Ora, sou contrário ao preconceito, pois defendo a igualdade, mas, sobretudo a igualdade entre desiguais, respeitando-se a diferença. Se eu falo como jurista, é claro que vou defender a igualdade de direitos e considerar uma ilegalidade alguém que não reconhece o direito do outro por sua condição sexual (seja para reconhecimento de uma união estável, adoção, pensão, herança, direitos previdenciários, e todos os direitos reconhecidos nos tribunais), mas também respeito o direito à opinião, e isso também não se pode criminalizar. Tenho colegas fundamentalistas na teologia, com posicionamentos que eu acho horrorosos, mas nem por isso vou mandar prender os caras por isso. Se queremos manter a diversidade, precisamos deixar que o outro que não nos apoia conviva conosco numa mesma sociedade, mesmo que seja para criticá-lo.

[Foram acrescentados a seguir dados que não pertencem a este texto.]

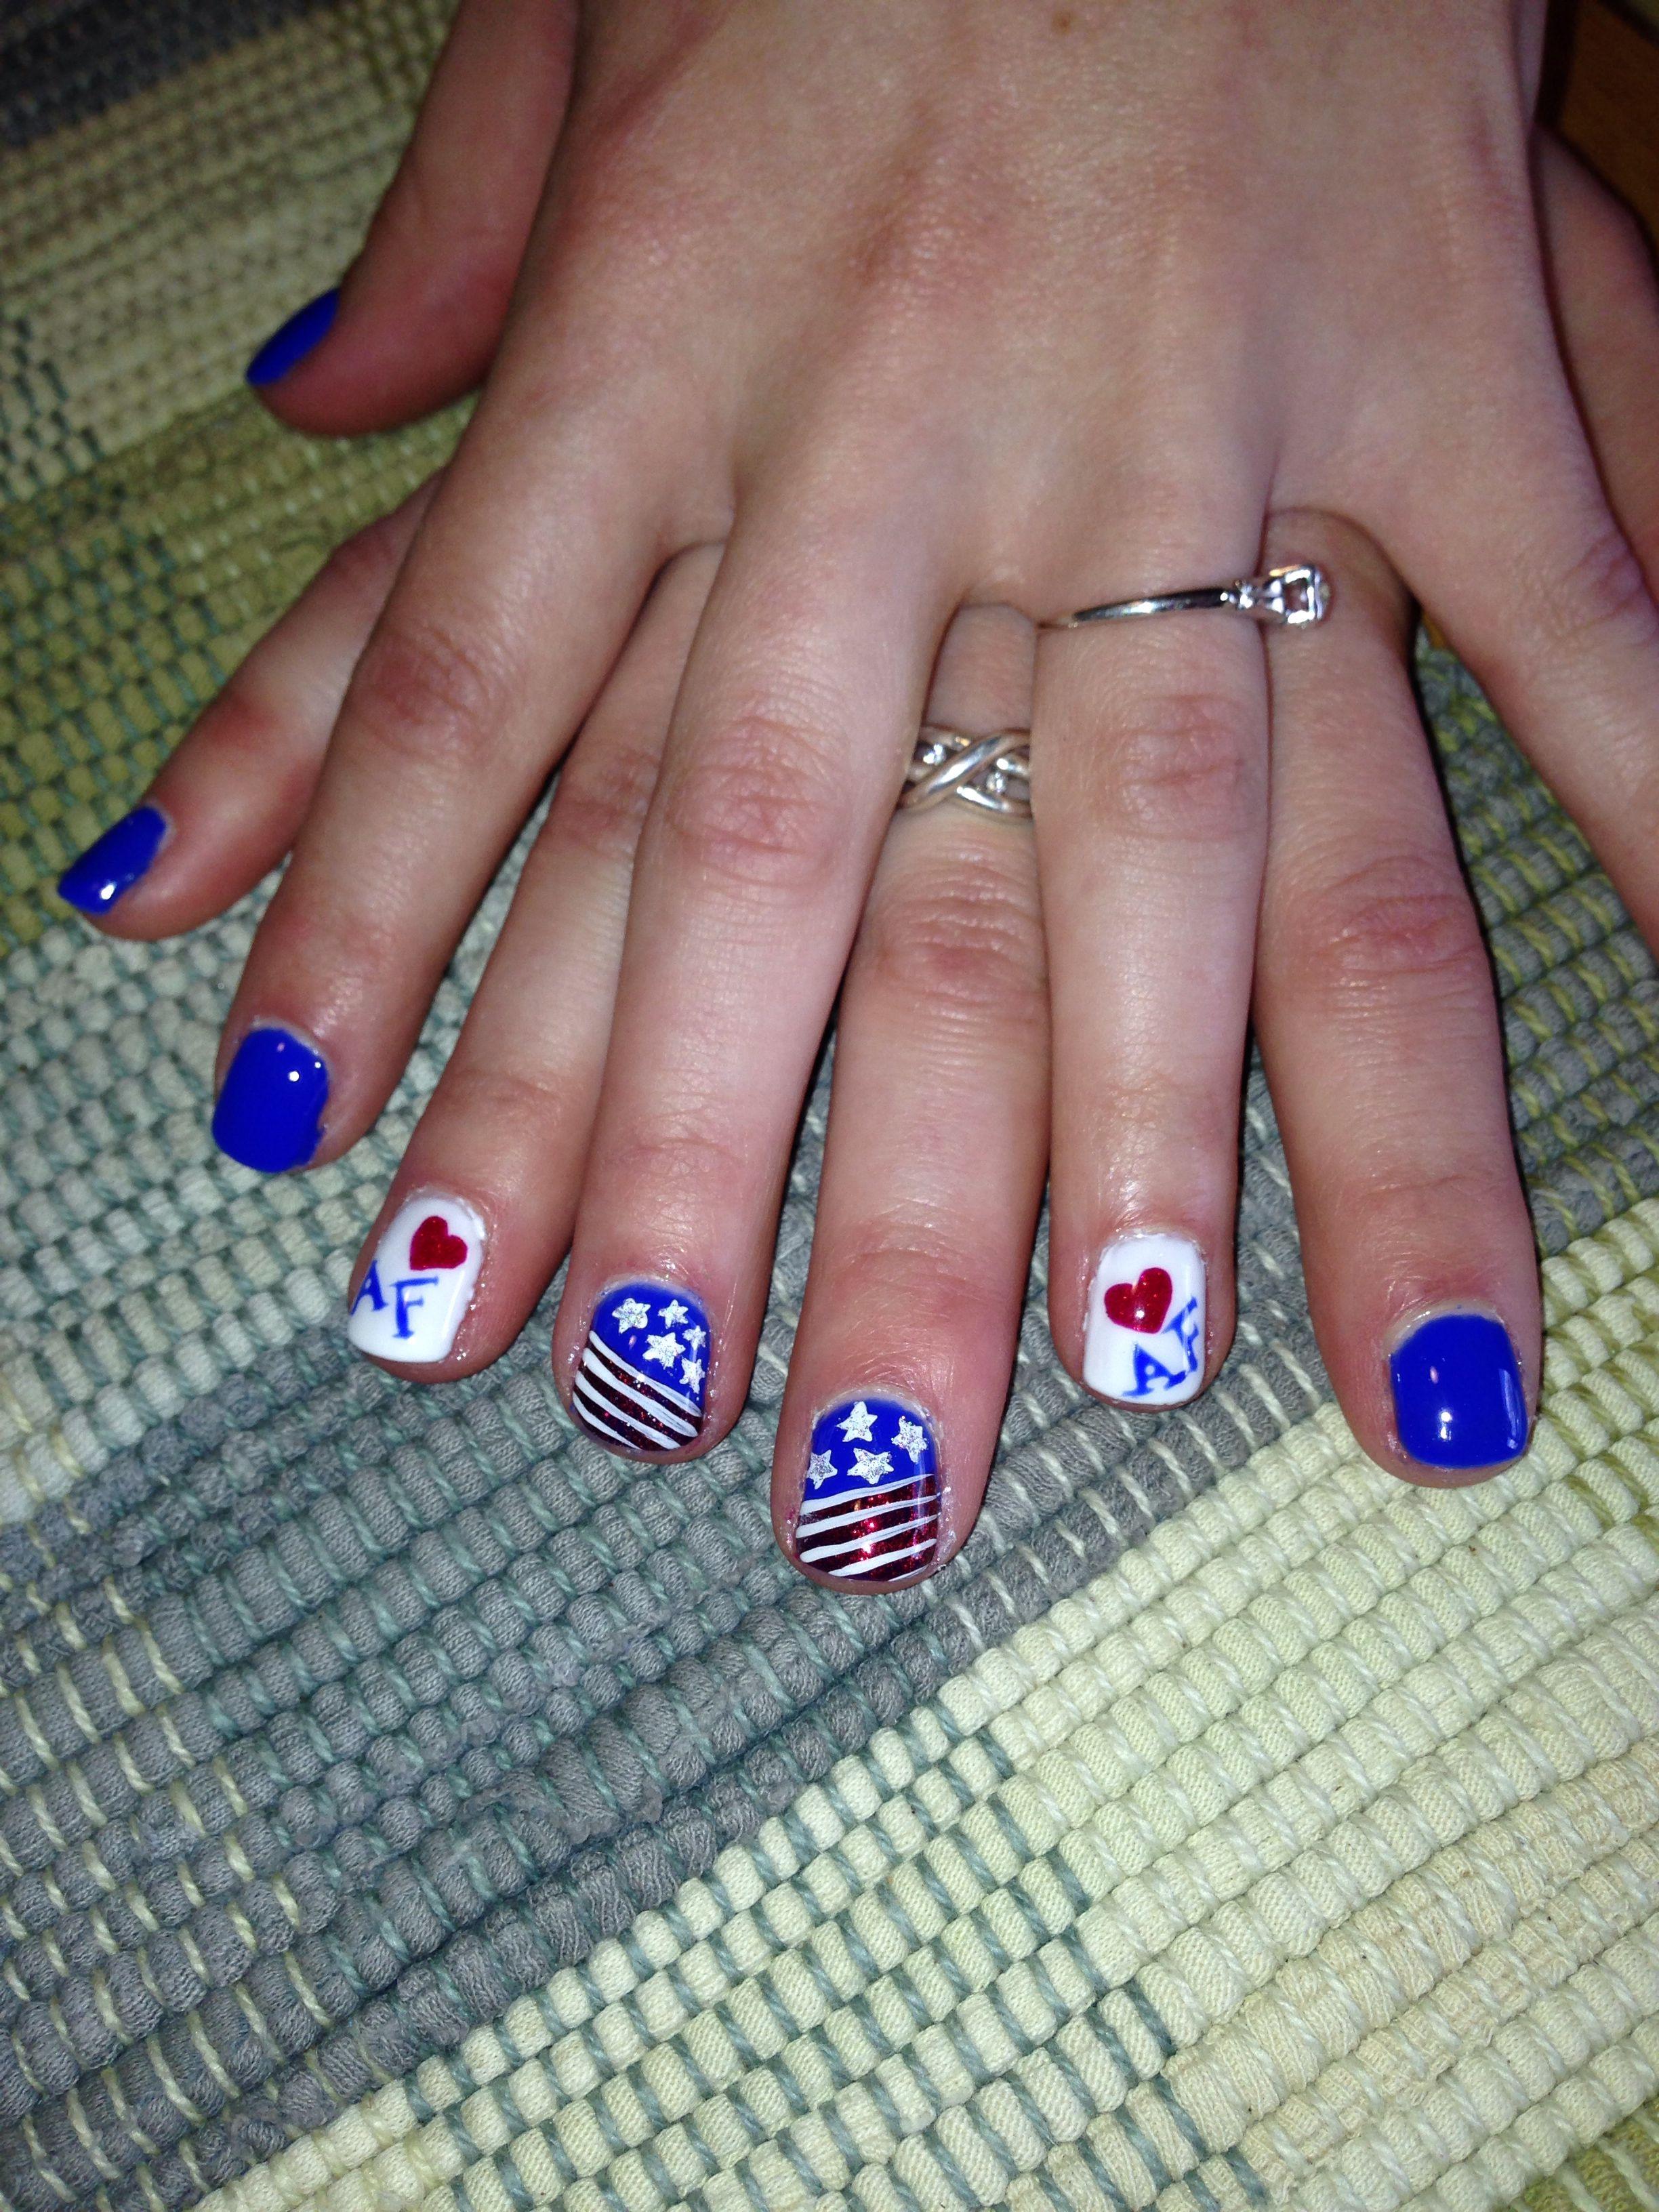 Air Force nail art, flag nails, blue nails (With images
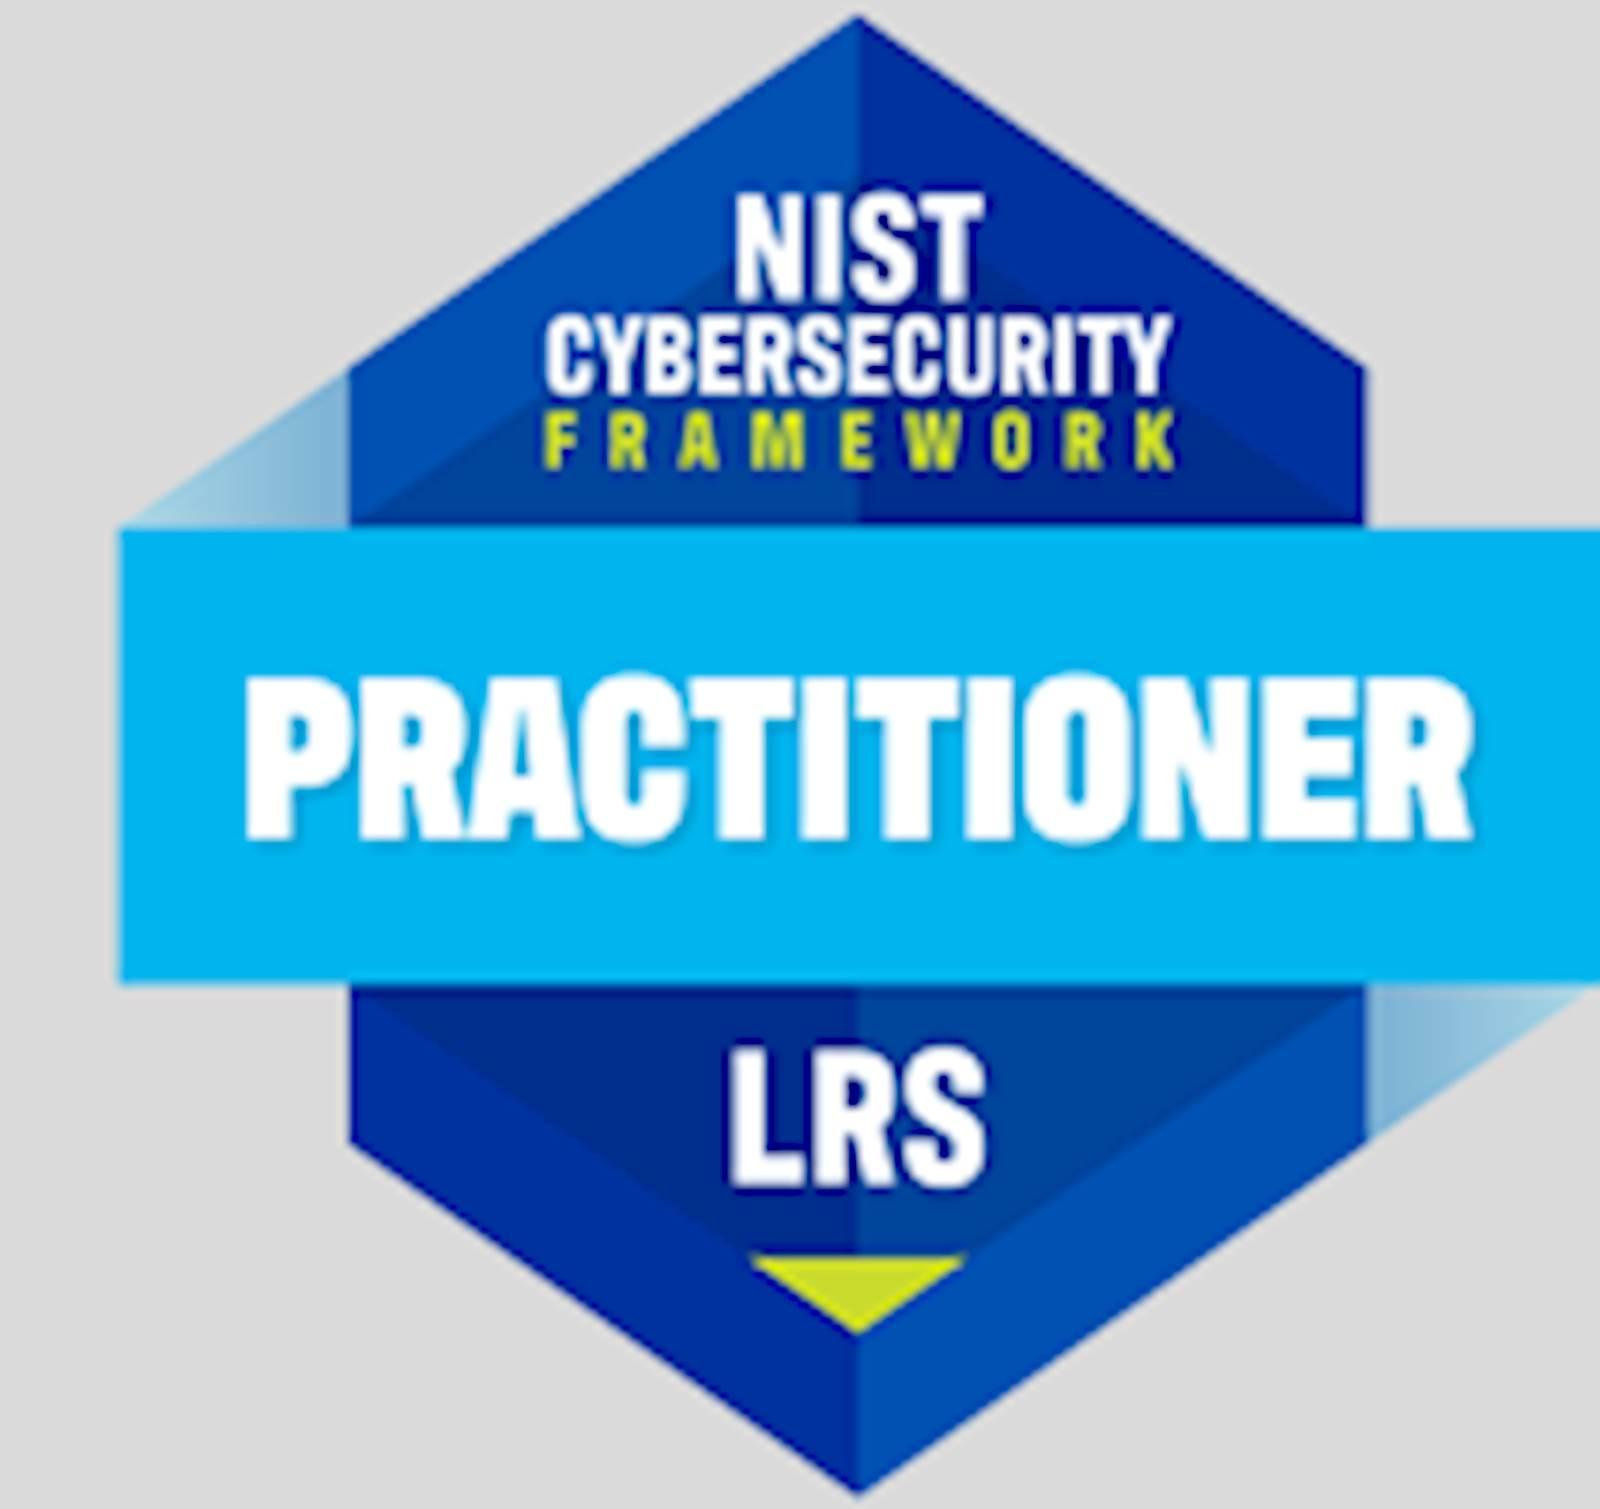 NIST Cyber security Framework Practitioner Course Details

Nem sempre querer ser politicamente correto corresponde a ser juridicamente justo, como nos ensinam os garantistas. O Projeto de Lei 122, da forma como se encontra redigido, versa sobre uma série de equívocos que logo, logo, vão trazer à tona sua flagrante inconstitucionalidade. Enquanto isso, caso vire lei, enquanto estiver em vigor, vai acabar se tornando letra morta, pela sua total inexequibilidade, denunciando o fantasma positivista que ainda assombra nosso parlamento. Reconheço a boa vontade de parlamentares, como a deputada Fátima Cleide, do PT, relatora do projeto, mas entendo que, em determinados assuntos, o erro da bancada que apoiou o projeto, foi de unilateralizar a discussão, sem a participação dos demais envolvidos na sociedade civil, em seus setores mais lúcidos; não aqueles fundamentalistas, ligados à ideia de que a iniciativa é "coisa do diabo" ,e nem do radicalismo fascistóide de alguns grupos gays, que tentam, a todo custo, instituir uma "lei da mordaça gay", sob pretexto de defenderem direitos. Como bom abolicionista, sou totalmente contrário a iniciativas que optem pelo caminho da criminalização para solucionar problemas sociais que devem ser resolvidos pelo caminho democrático do debate, do pleno exercício da opinião ( e, nesse sentido, sou bem habermasiano), e da forma como o PL vai indo, opinião é o que não se quer mesmo. Defendo os direitos dos gays na sociedade, mas sou contra a aprovação do projeto!